By KEN TERRY
In the strangest healthcare business story of 2020, the major health insurance companies are thriving despite—or because of—the pandemic. As the second quarter reports of United, Anthem, Cigna and other insurers reveal, their COVID-19-related costs were outweighed by the sharp drop in claims for other healthcare services.
As a result, the second quarter operating gain for Anthem, one of the largest national carriers, jumped 65% from the prior-year period, while the portion of its premiums spent on member benefits dropped to 78%. The earnings of UnitedHealth, similarly, vaulted 98% as the percentage of its premiums spent on health care fell to 70.3%. Such a low “medical loss ratio” has probably not been seen since the 1990s.
At the same time, the big insurers’ membership has been rising, but not among workers covered by employer-sponsored plans. Commercial insurance members served by United, for example, fell by 270,000 to 26.8 million, following a drop of 720,000 in Q1. In contrast, the number of people in United’s Medicaid managed care plans rose by 330,000.
These trends track with the short-time fallout of the pandemic. Families USA reported that 5.4 million workers who lost their jobs from February to May also lost their health insurance. Another study predicted that by the end of 2020, 10.1 million people will lose employer-based insurance tied to someone in their household.

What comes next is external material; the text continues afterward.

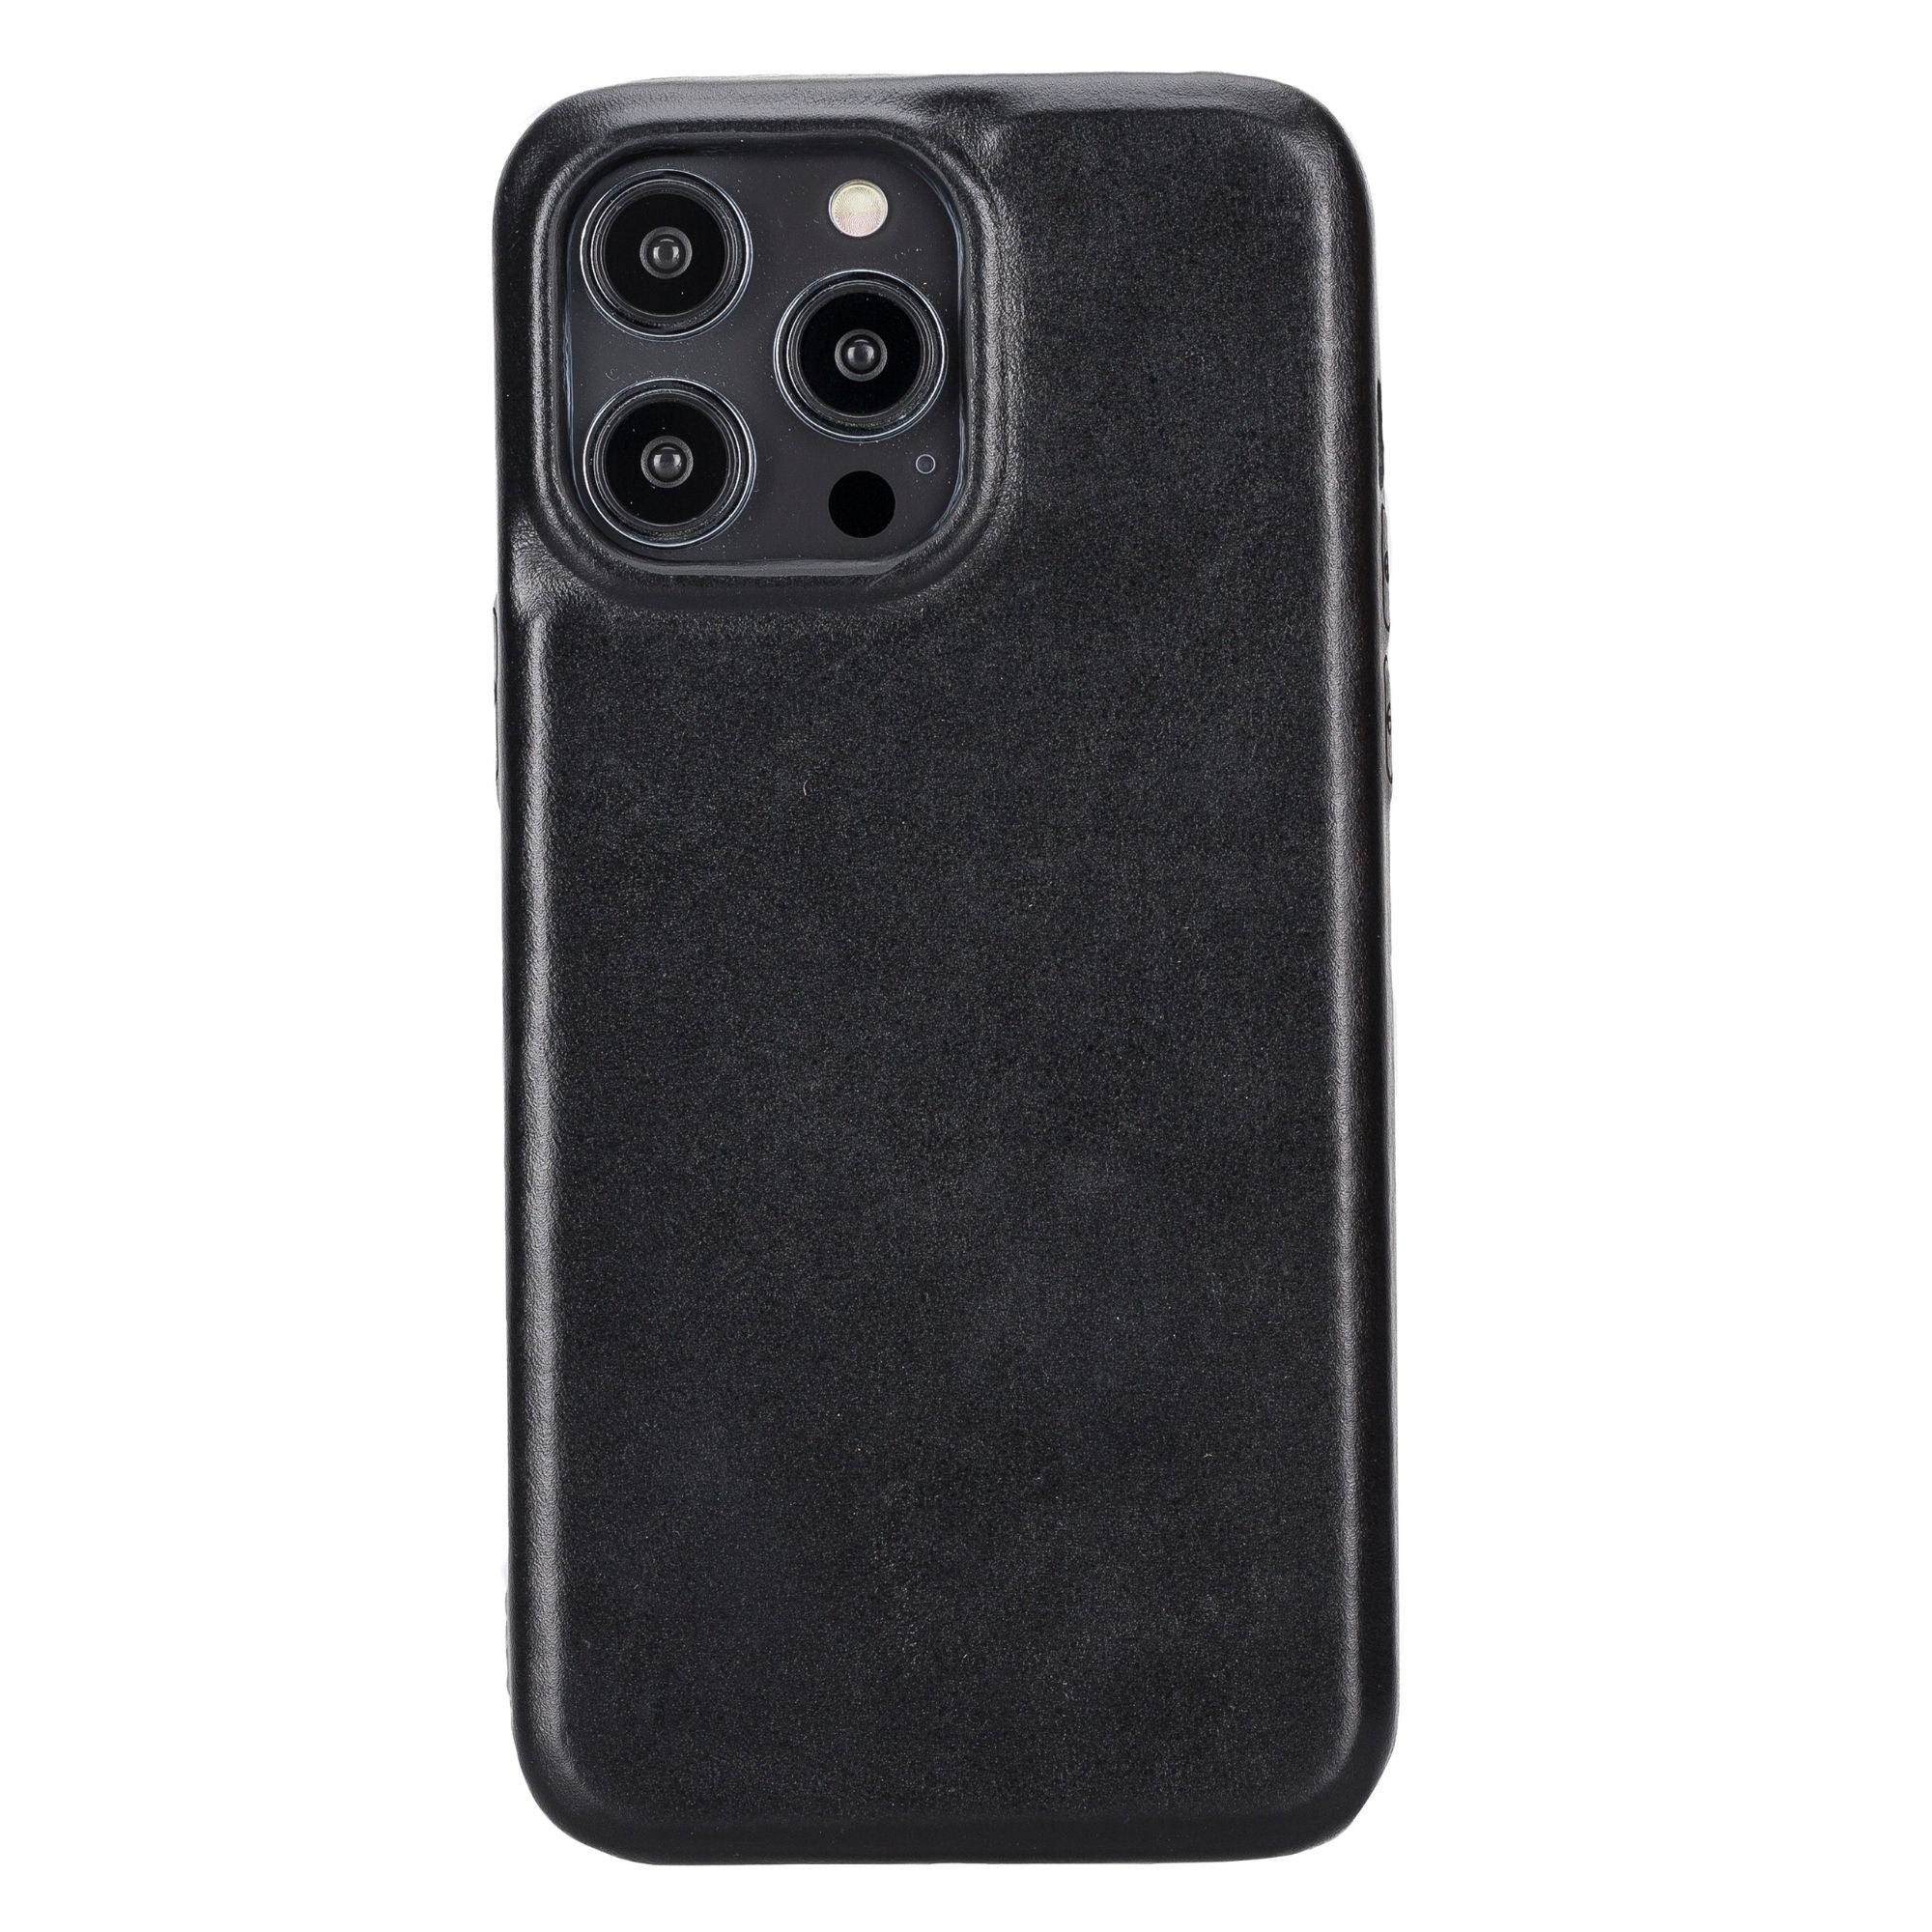 Pinedale Leather Snap-on Case for iPhone 11 Series - iPhone 11 Pro Max - Black - TORONATA

The majority of the newly uninsured will eventually be covered by a family member’s plan, Medicaid or Obamacare if they don’t go back to work. Most Medicaid recipients are covered by private plans, and commercial insurers joust with each other for members on the state and federal insurance exchanges. So everything is coming up roses for the health plans, right?

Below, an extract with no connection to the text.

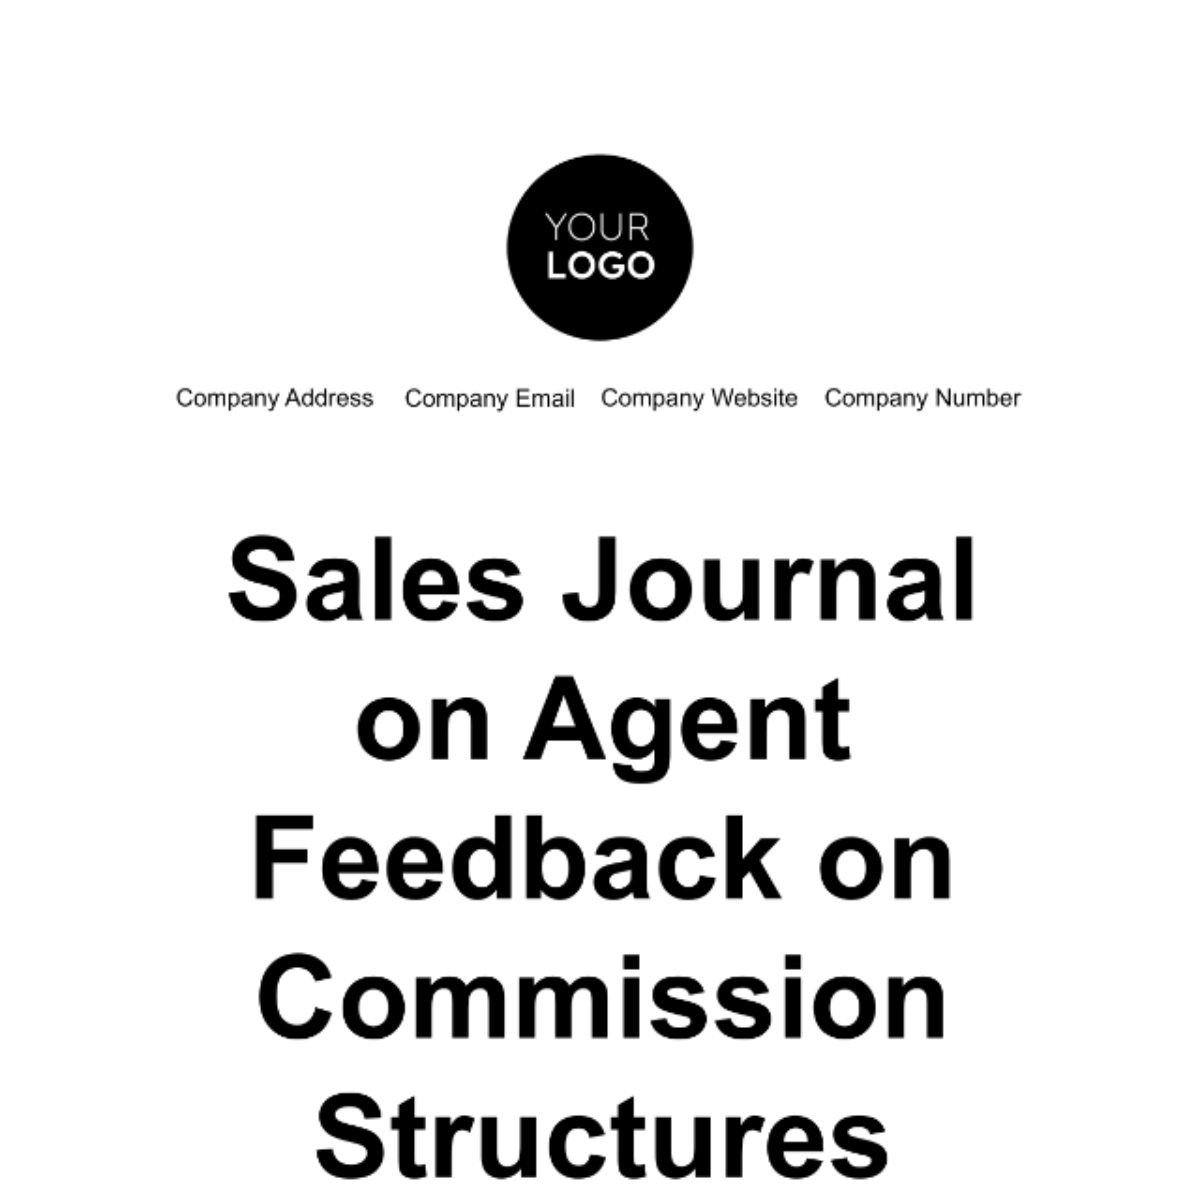 Free Sales Journal on Agent Feedback on Commission Structures Template

First of all, insurers will inevitably raise their rates in the fall, in advance of the 2021 enrollment period. It’s unclear how steeply those rates will rise, but the trends that are currently holding down medical costs cannot last for long. In the pandemic’s early stage, elective surgeries fell by substantial margins, but more are being performed as state bans have disappeared and the need to do these procedures has become more pressing. Also, while office visits were down by 30% in late May and are still down significantly, patients will return to offices and ERs as their medical needs and emergencies increase.

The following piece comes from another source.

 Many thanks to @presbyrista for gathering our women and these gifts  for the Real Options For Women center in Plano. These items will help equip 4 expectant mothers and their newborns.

How big a wave this may be is demonstrated by a new study of “excess deaths” in the U.S.—deaths that are more numerous than expected. In just March and April of this year, the researchers found, about 505,000 deaths were reported, of which 87,000 were excess. In the latter group, about 56,000 (65%) were attributed to COVID-19. In 14 states, including California and Texas, more than 50% of deaths were attributed to causes other than COVID. This suggests that a lot of people who desperately needed care avoided it in the initial stage of the pandemic. However, as unmet medical needs mount, more people will seek care in the future.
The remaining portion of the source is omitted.